Many people suffering with migraines are being let down as the condition is not taken seriously, Natasha Asghar MS has said.
The South East Wales politician backed calls for better migraine care in Wales after meeting with patient advocates and staff from The Migraine Trust this week.
One in seven adults experience migraine. Over one million people in the UK live with chronic migraine, meaning they experience headache for at least 15 days a month for at least three months and migraine symptoms on most of these days.
The impact of migraine goes far beyond pain. Migraine can affect all areas of life, including ability to work and maintain relationships, leaving many of those affected feeling isolated.
A survey by The Migraine Trust found 29% of respondents had moved from full-time to part-time work due to their migraine and 25% had left a job as a result of it (rising to a third among those with chronic migraine). 43% felt their workplace had not believed them when they had taken sick leave due to a migraine attack and 34% had felt discriminated against at work.
For Migraine Awareness Week in September, The Migraine Trust released a report that showed how people with migraine are struggling to access appropriate diagnoses and treatments. Misunderstanding of the condition as ‘just a headache’, lack of specialist care and unequal provision of treatments means many are left struggling alone with debilitating symptoms.
In its report ‘Heading in the wrong direction’, the charity heard from many people who feel health professionals, especially in primary care, do not understand migraine. They report having their pain dismissed, being told nothing can be done for them and waiting years to access treatments. As a result, many are left feeling depressed, frustrated and unable to cope.
Most people who live with migraine should be successfully supported in primary care by their GP, who can diagnose migraine and advise on medication options and lifestyle adaptations. However, some will need to be referred to a healthcare professional who specialises in migraine, such as a GP with a Special Interest in headache or a neurologist. High numbers of patients reported incorrect referrals, long waiting lists for specialist support or simply that they feel dismissed.
Lisa, who lives with chronic migraine, said: “I have had migraine since I was 14 years old. My migraine started as severe but infrequent pain once or twice a month. I would vomit and have to lie in a dark room. Over the years the intensity and variety of symptoms have increased, especially after the birth of both my children. I would have around 25 migraine episodes a month. Almost daily I suffer from excruciating head pain, loss of vision and numbness on one side.

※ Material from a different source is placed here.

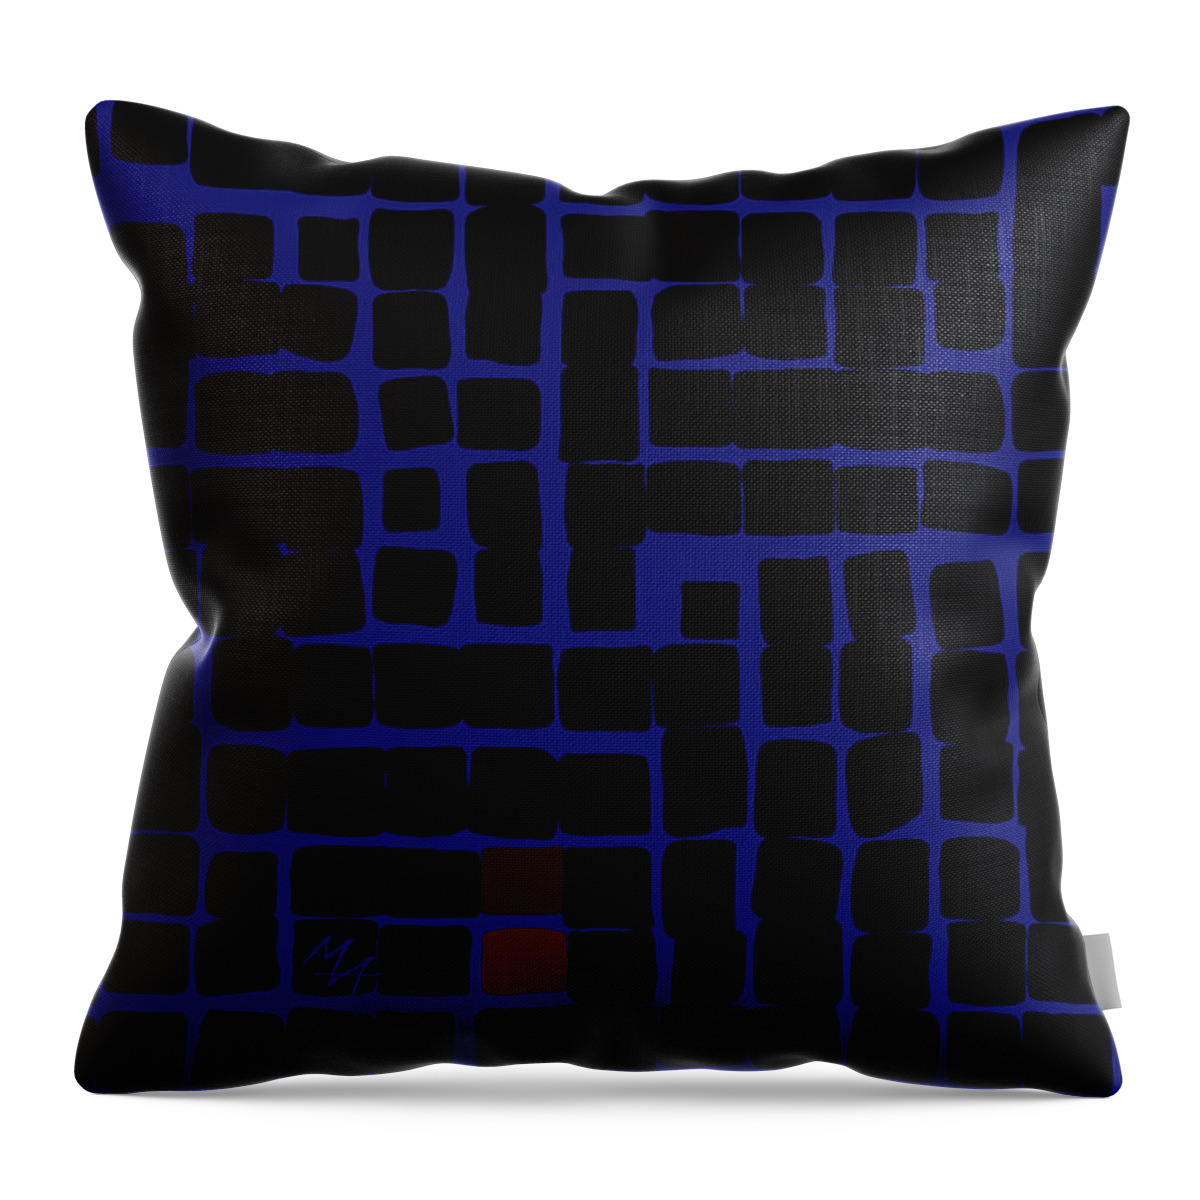 Industrial Night Throw Pillow featuring the digital art Industrial Night by Attila Meszlenyi

“Further, migraines are not the only challenge in my life - my 12-year old son is severely disabled and under palliative care. He requires 24-hour care and treatments. I don’t have the luxury of retiring to a dark room to wait out the migraine.
"When I went private, I was finally diagnosed with chronic migraine. It took years to get referred to the NHS migraine service, as the GP was unaware of its existence. Currently I’m having Botox via the NHS migraine clinic - it helps but only slightly. I’ve gone down from 25 migraine days a month to 11-18. I am glad that after many years of struggling I got into the migraine service, but a lot needs to improve. The impact of migraine is so much more than the pain - it affects every area of life and people living with migraine deserve so much better than the care we currently get.”
Natasha Asghar MS said: “It was very powerful to meet people impacted by migraine and hear how it disrupts their personal lives and ability to work, and the struggles too many of them have faced to secure treatment. Migraine is not being taken seriously as a health condition and many of those with the condition are clearly being let down.”
Rob Music, Chief Executive of The Migraine Trust, said: “We are pleased to have Natasha’s support in our campaign for better migraine care in Wales. We know that many people are suffering unnecessarily because of patchy GP knowledge of migraine care and long waiting lists for specialist appointments. Improvements to migraine care will have an enormous impact of many peoples’ quality of life, ability to work and wellbeing.”